W3C home > Mailing lists > Public > public-iri@w3.org > July 2011

Re: How browsers display IRI's with mixed encodings

From: Chris Weber <chris@lookout.net>
Date: Thu, 21 Jul 2011 22:49:13 -0700
Message-ID: <4E290F59.3040907@lookout.net>
To: "Phillips, Addison" <addison@lab126.com>
CC: "public-iri@w3.org" <public-iri@w3.org>
On 7/21/2011 8:13 PM, Phillips, Addison wrote:
>> I was calling attention to Test 3 which was testing "UTF8ness", as Jungshik put it,
>> in the query component.  It sounds like you're referring to Test 1 which had
>> "UTF8ness" in the path, for which of course you're right it's a lie and should
>> read something more like "Contains a byte sequence which is also valid UTF-8".
> No, I consider Test3 to be invalid also.
> Here's your href:
>     <a href='http://www.example.com/Dürst/?ï¼' id='test3'>
> There is no "UTF-8" in the query component. You again have a sequence of ISO-8859-1 characters whose byte representation in the page encoding happens to be a valid UTF-8 sequence. But it is three *characters* in Latin-1, not merely three bytes.

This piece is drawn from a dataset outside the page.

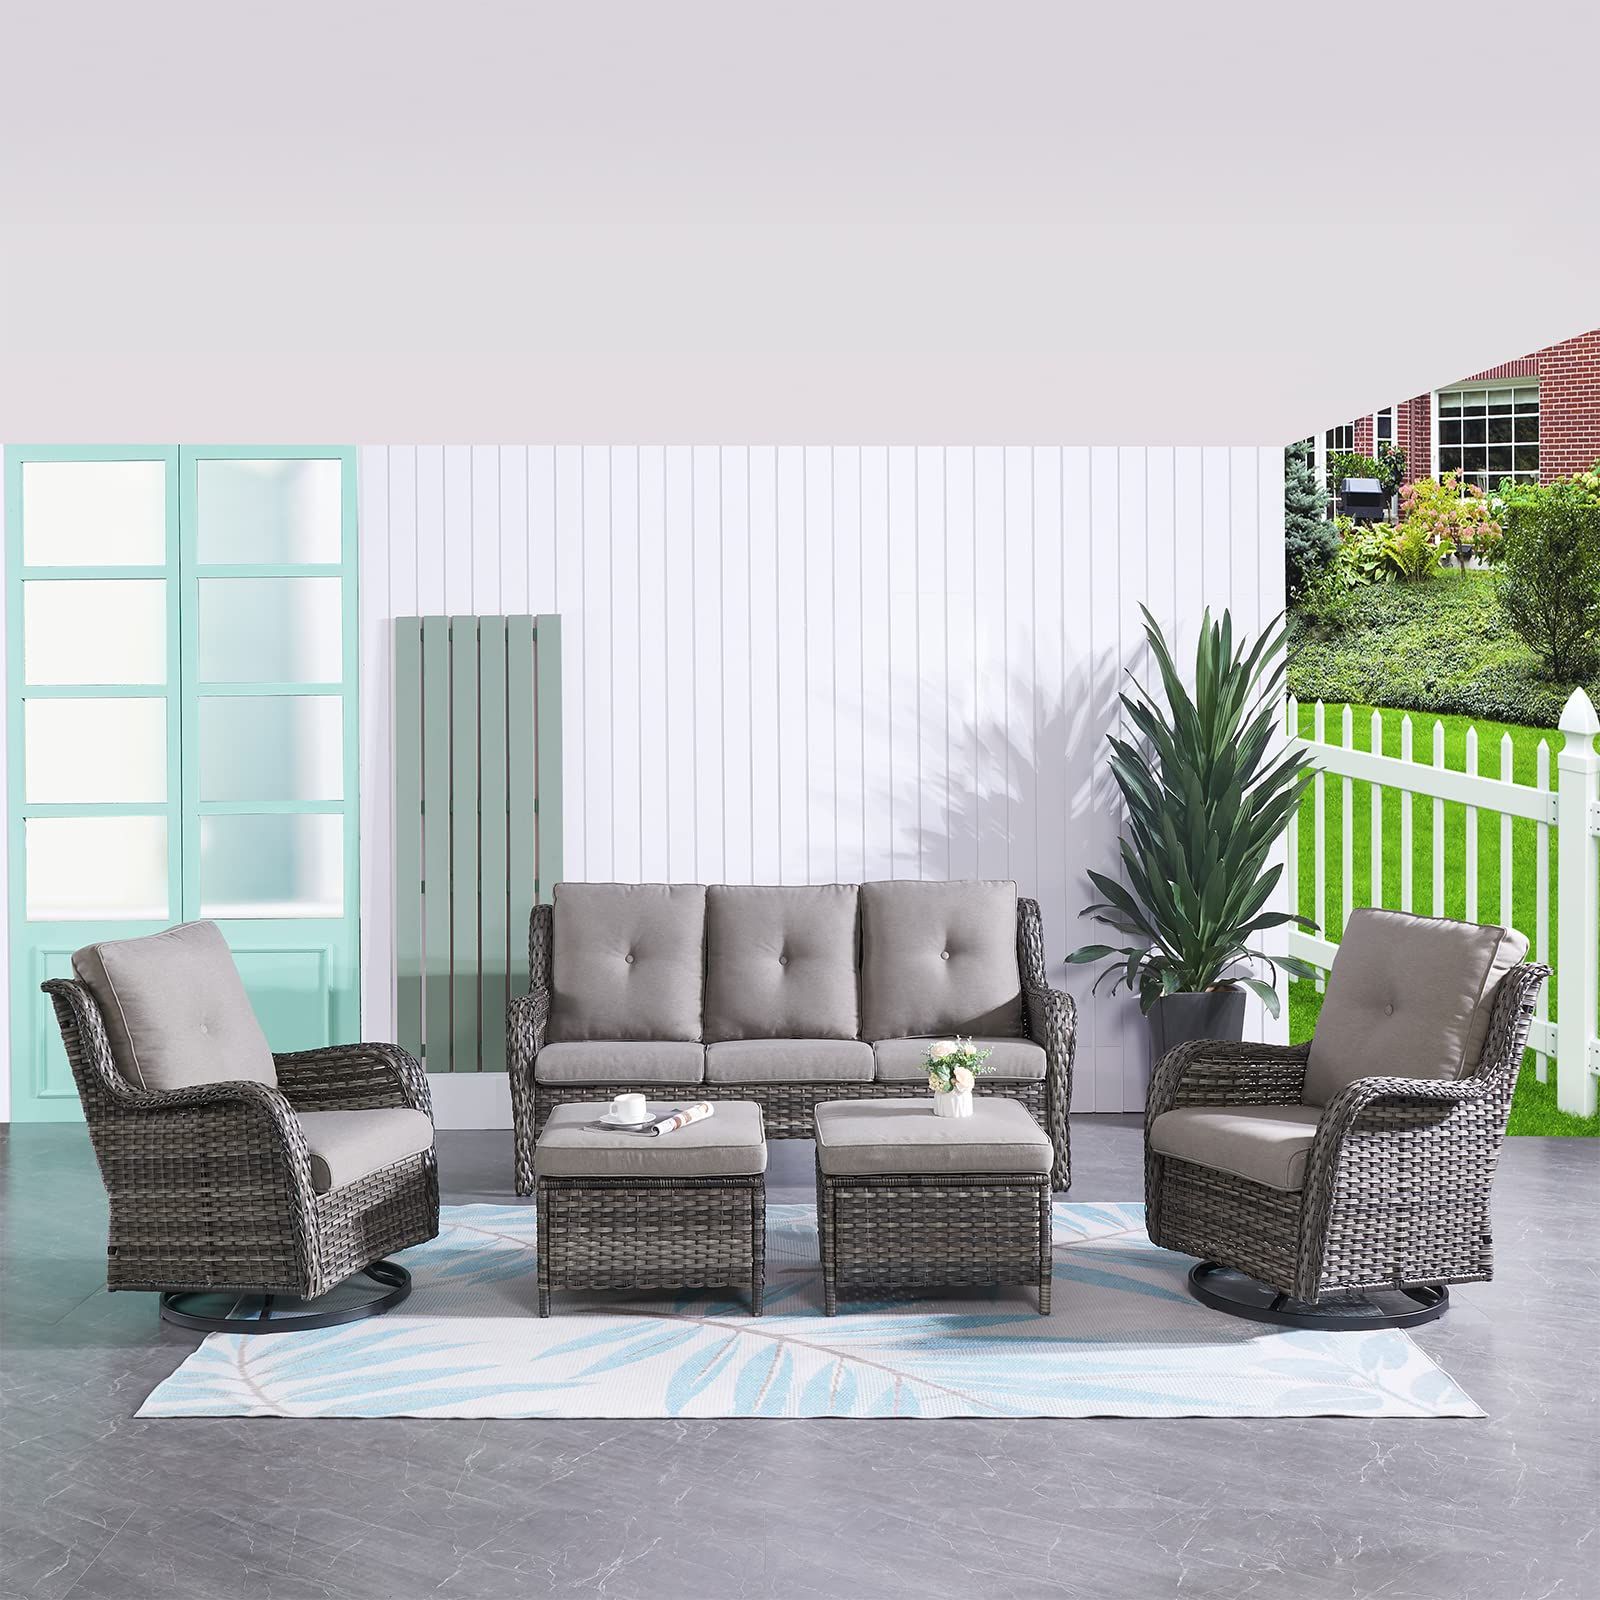 Most Recent Ottomans Patio Furniture Set In Amazon: Hummuh 5 Pieces Outdoor Furniture Patio Furniture Set Wicker  Outdoor Sectional Sofa With Swivel Rocking Chairs,patio Ottomans : Patio,  Lawn & Garden (Photo 2 of 15)

Invalid how?  It was designed to test an HTML page with a stated 
Content-Type charset value "iso-8859-1" and a matching HTTP 
Content-Type.  It contains an anchor href hyperlink that happened to 
include a 3-byte sequence which was not only 3 valid individual 
characters in the page encoding... but together would also represent a 
single valid character in UTF-8 if interpreted that way.  That *was* the 

>> The point of this was to test the display as Martin had, but using unescaped
>> bytes.  From the results of Test 3 it looks like Firefox, Chrome, and Safari all
>> check for "UTF8ness" in the query component when displaying the IRI in spite of
>> the page encoding, hence you can visually see the U+FF21 FULLWIDTH LATIN
> Which I consider to be a serious bug in handling an IRI. In theory, the characters in the HTML document are converted to a sequence of Unicode characters when the page is parsed. I should have three Unicode code points in the query portion of the IRI in the above href. They happen to be encoded using three ISO-8859-1 bytes. But they just as well could be encoded as&#x00EF;&#x00BC;&#x00A1;

Martin's test showed that even the path component containing "%C3%BC" 
would be percent-decoded and displayed as UTF-8... even when the page 
encoding was declared as iso-8859-1.

> (In fact, I just made the test with a UTF-8 encoded page at http://www.inter-locale.com/test/iri-test1.html)

It looks like the original test case content was converted from 
iso-8859-1 to UTF-8 when you copied the HTML over, which I don't think 
you intended.  The original three bytes <EF BC A1> are now <C3 AF C2 BC 
C2 A1> on your test page - I'm looking at the HTTP response on the wire 
using Fiddler.  Don't you love encodings? :)

> I'm kind of incensed by this: how is it that regular users are supposed to figure out how to work with IRIs if they characters they *see* are not the characters they end up with? Effectively, the only page encoding that works for encoding a query into a path in the text of an HTML page is UTF-8. I guess that's a good thing (why serve anything else?)

That sounds like Martin's point too.

>> Whereas Opera and MSIE do not and show you a) the
>> percent-encoded bytes and b) the bytes represented in their page encoding
>> respectively - do you agree with that assessment?
> Yes. But I guess my point is: one of the key points about IRIs from the very beginning has been that they used normal Unicode character sequences in a normal manner. You could use a different character encoding for serialization purposes, but the IRI is supposed to be WYSIWYG. The translation to URI should, in my opinion, exhibit the Least Surprise.